▼
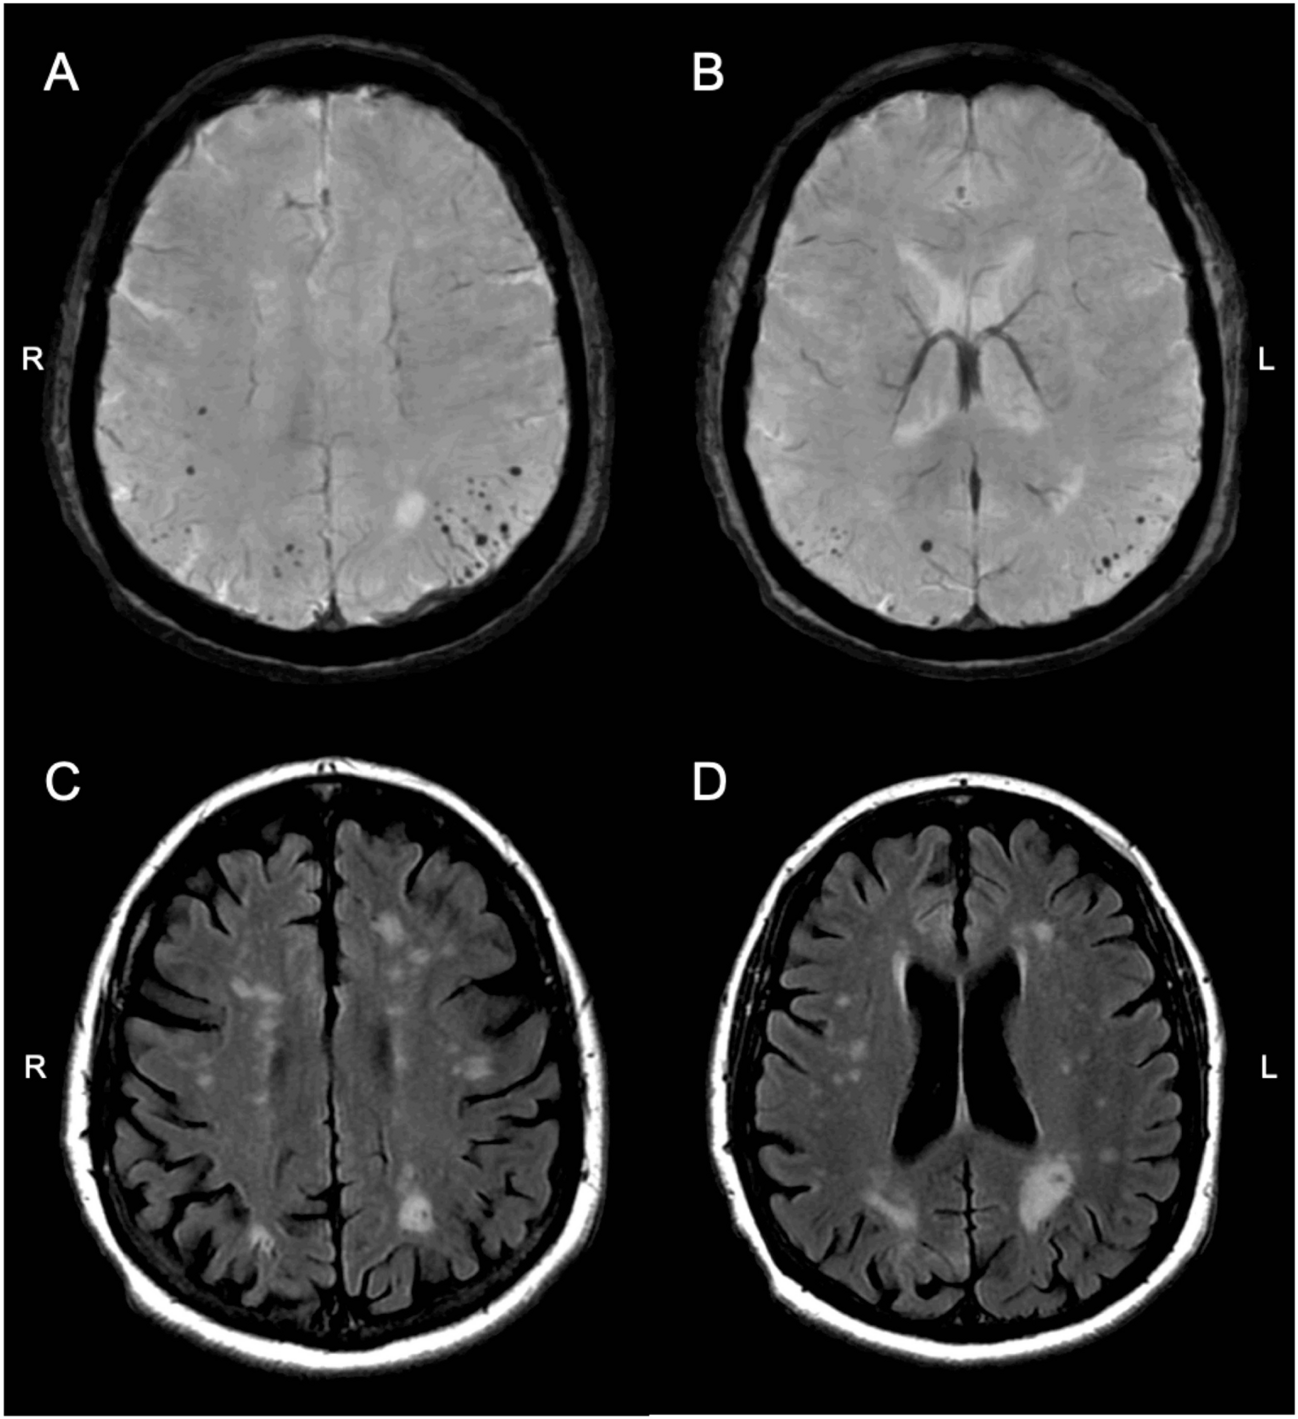 Lobar Microbleeds in the Posterior Cortical Atrophy Syndrome: A Comparison to Typical Alzheimer’s Disease
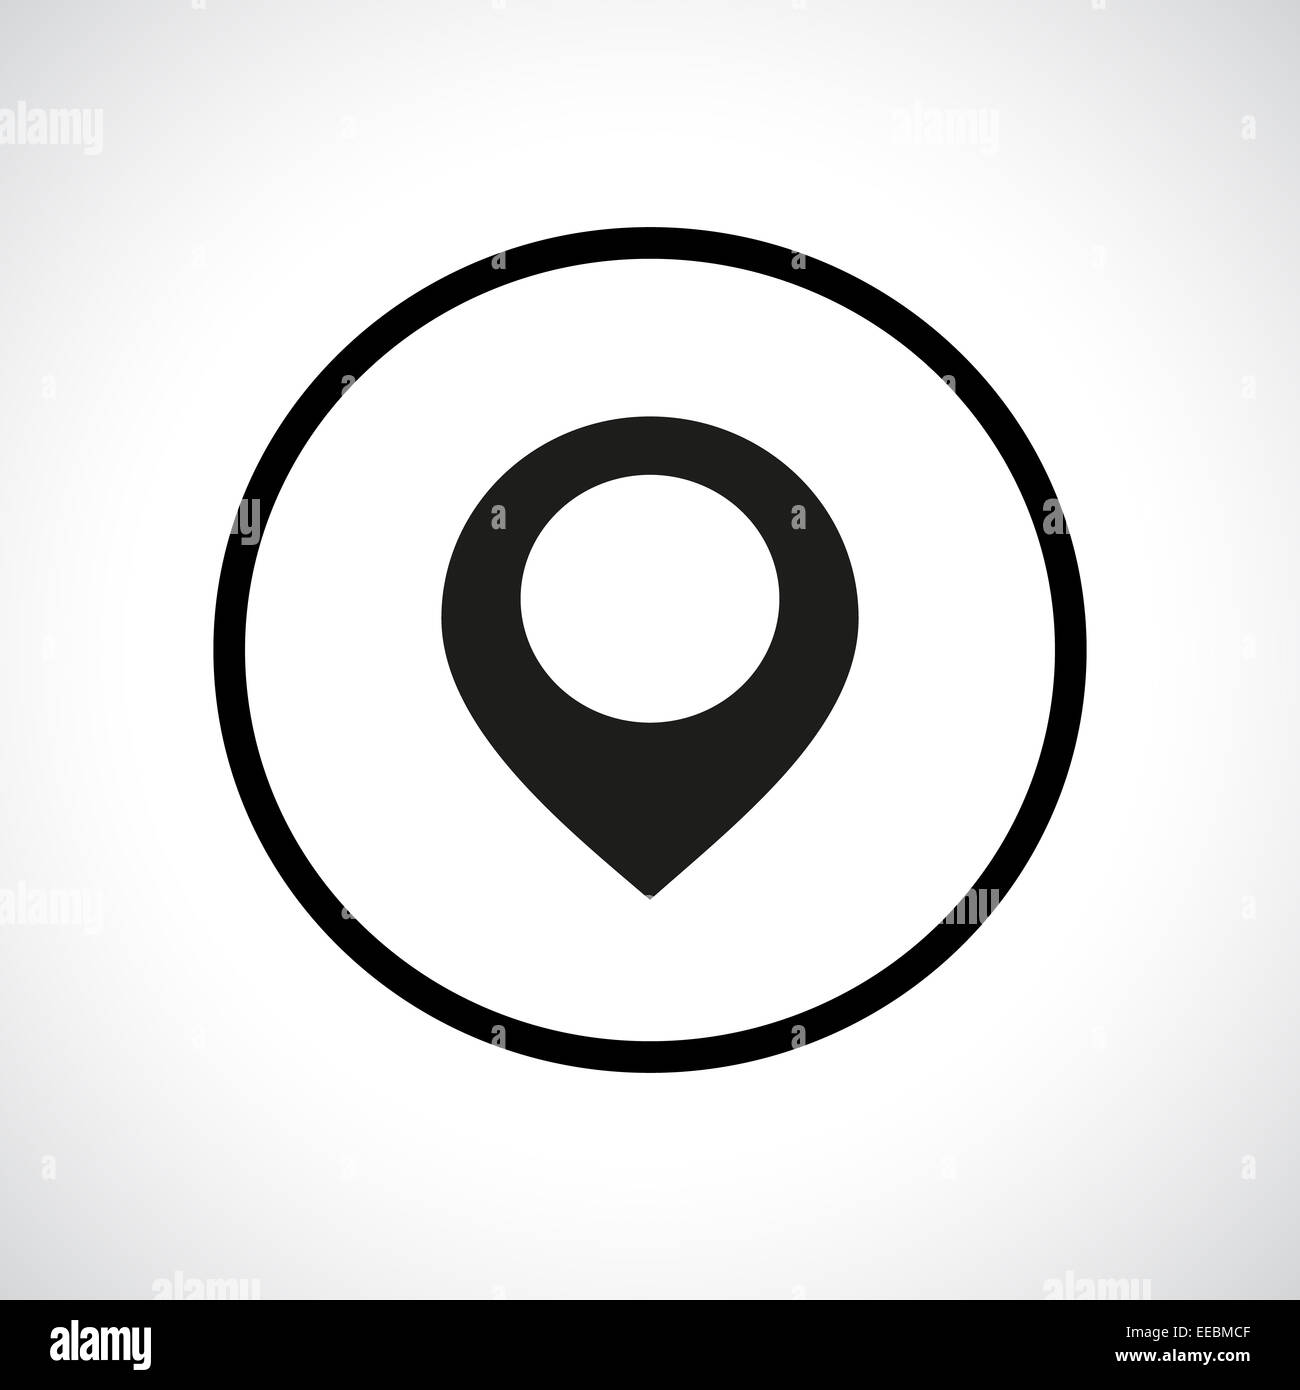 Map pointer icon in a circle Stock Photo - Alamy
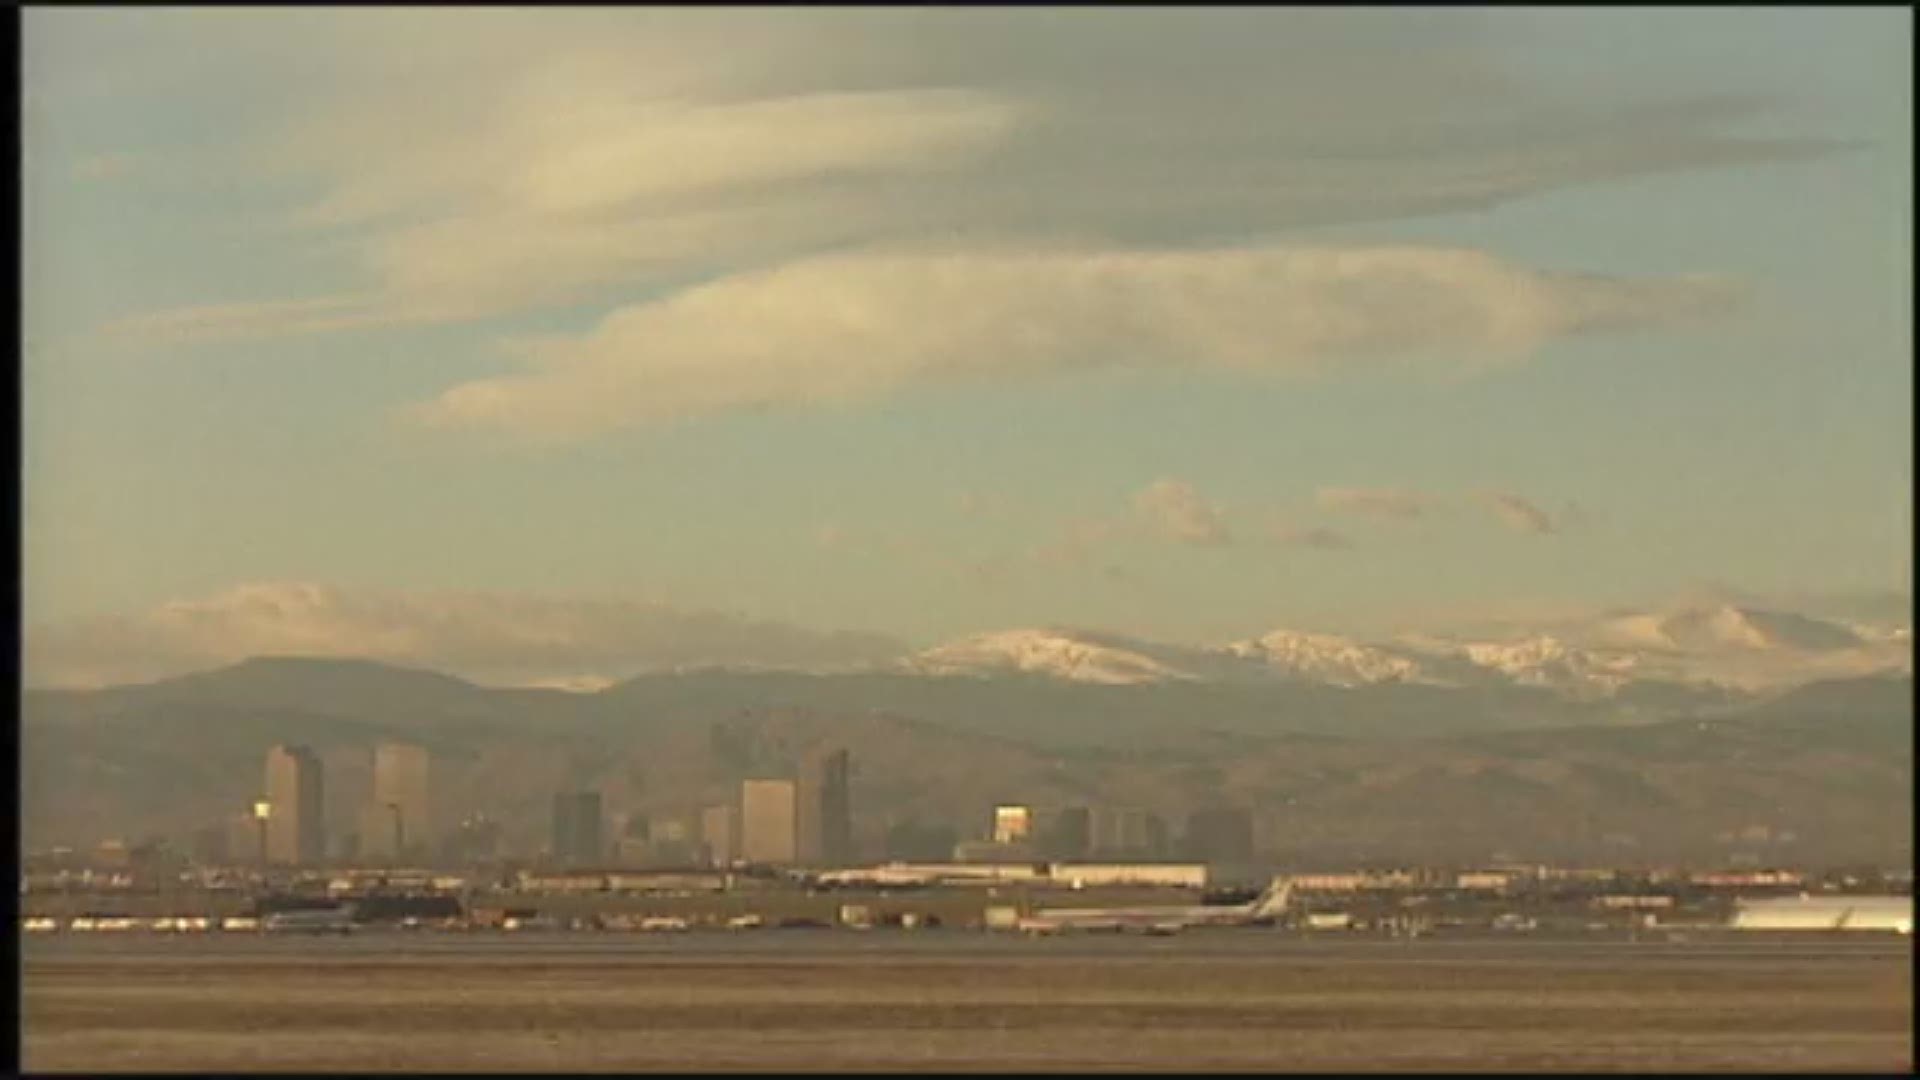 Stapleton International Airport closed on February 27, 1995. At the time, it was hard to say goodbye. Watch Denver residents come to terms with the loss of their air
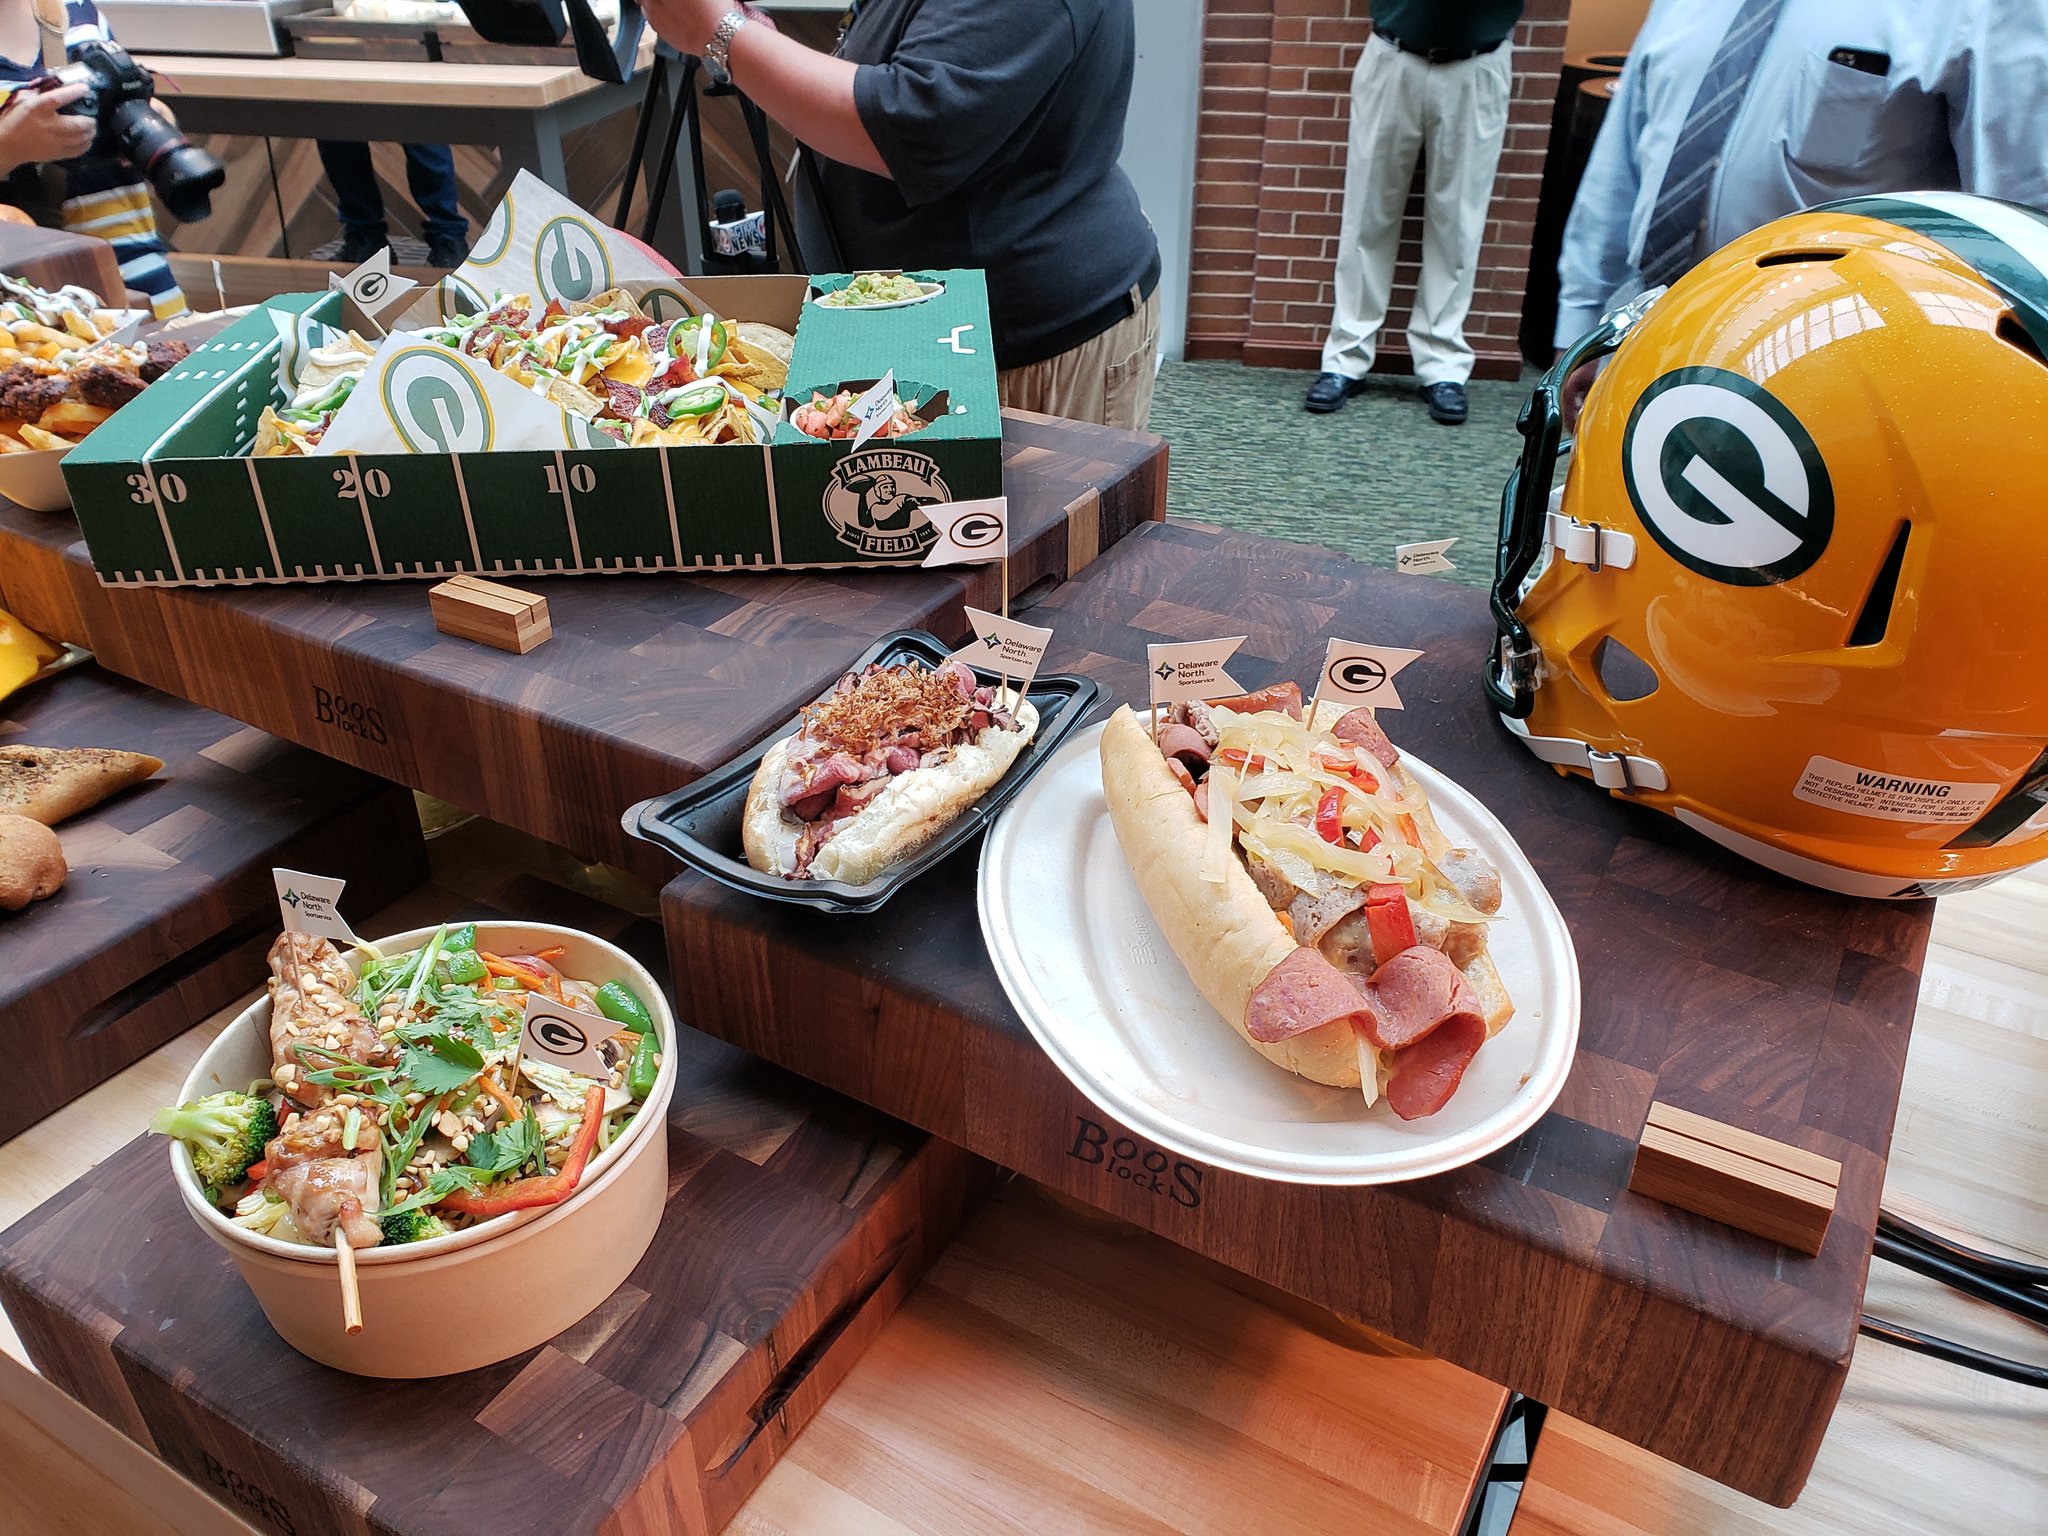 Lambeau Field's new concession items: NFL fans can expect to pay more
▲
**What you should do**
Word for word, retype the lines from the one with "Map pointer icon" through the final line of the data, both included. No pictures belong in the copy.

**Solved exercise**
 Map pointer icon in a circle Stock Photo - Alamy
 Stapleton International Airport closed on February 27, 1995. At the time, it was hard to say goodbye. Watch Denver residents come to terms with the loss of their air
 Lambeau Field's new concession items: NFL fans can expect to pay more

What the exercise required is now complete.